OTTAWA, Jan. 22, 2009 — The Boeing Company [NYSE: BA] has successfully completed its Industrial and Regional Benefits program for Phase 1 of the CF-18 Fighter Avionics Modernization Program for the Canadian Forces. This achievement, reached one year ahead of schedule, demonstrates the company’s continued success in meeting its industrial participation (IP) commitments. Boeing has successfully implemented IP programs totaling more than US$29 billion in more than 35 countries over the past 30 years.
“The completion of the CF-18 Phase 1 Industrial and Regional Benefits program continues our long-standing commitment to investing in the regions where we do business,” Gwen Kopsie, director of Industrial Participation for Boeing Integrated Defense Systems, said Jan. 21 in Ottawa. “This accomplishment further reinforces our focus on developing partnerships and issuing contracts that will result in long-term, high-value jobs for Canadians while further establishing Boeing as an enduring partner to Canadian industry.”
With the completion of the CF-18 Phase 1 Industrial and Regional Benefits program, valued at nearly US$378 million, Boeing now has three active IP programs in Canada, each coordinated by Industry Canada. The IP program for Phase 2 of CF-18 Fighter Avionics Modernization, valued at nearly US$138 million, is on track for completion in May 2011. The company also has two IP programs tied to the Canadian government’s 2007 order for four C-17 Globemaster III transport aircraft, which have delivered and are already supporting Canadian Forces’ military and humanitarian missions. As part of the C-17 acquisition and in-service support contracts, Boeing agreed to match the purchase price of the four aircraft and a 20-year maintenance and support contract with dollar-for-dollar investments, valued at US$1.5 billion, back into the Canadian economy.
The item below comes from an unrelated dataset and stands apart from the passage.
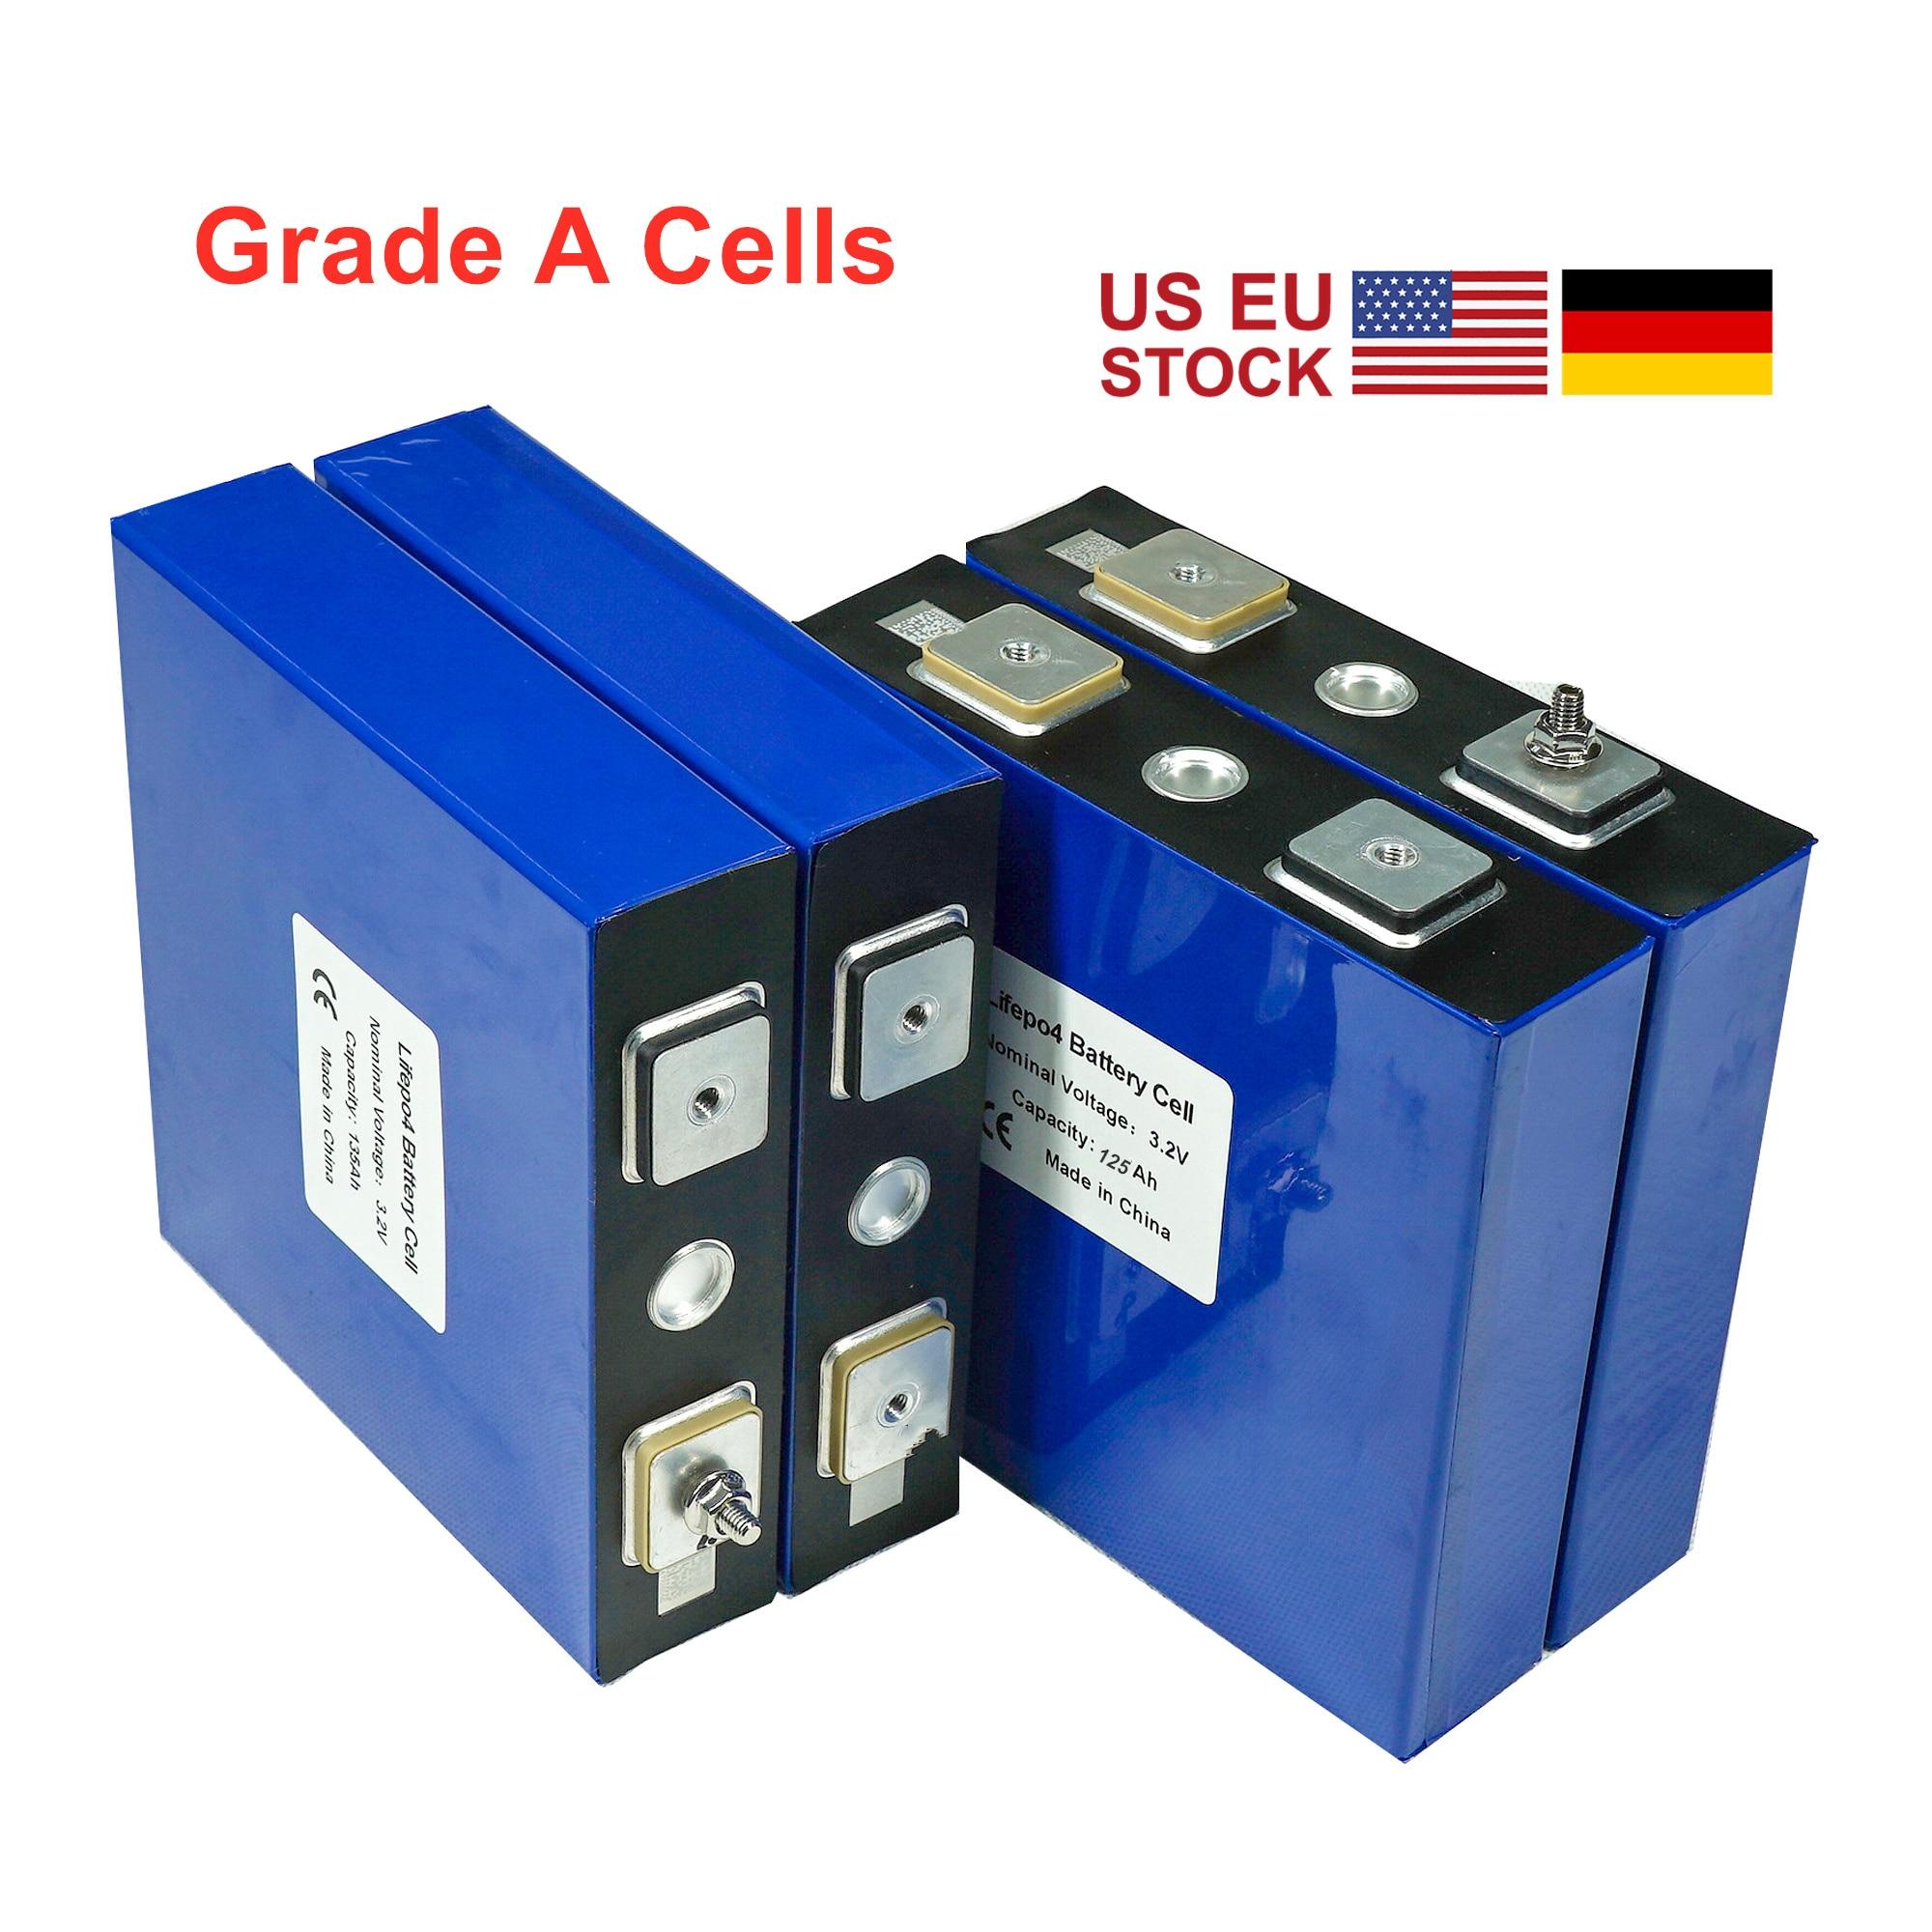 4PCS 3,2 V 120Ah 125Ah Lifepo4 Batterie 2021 Neue GRADE A LFP Lithium-Solar 12V 24V 48V Zellen Nicht 150ah 200AH UPS Schnelle Lieferung

Boeing has been a major contributor to the Canadian economy since 1919, generating approximately US$1 billion in business annually. The company employs highly skilled workers in Winnipeg, Richmond (British Columbia), Montreal, and Ottawa in support of both its commercial and its defense/space business units. Canada also is home to Boeing’s third-largest international supplier base, including more than 200 suppliers in every region of the country.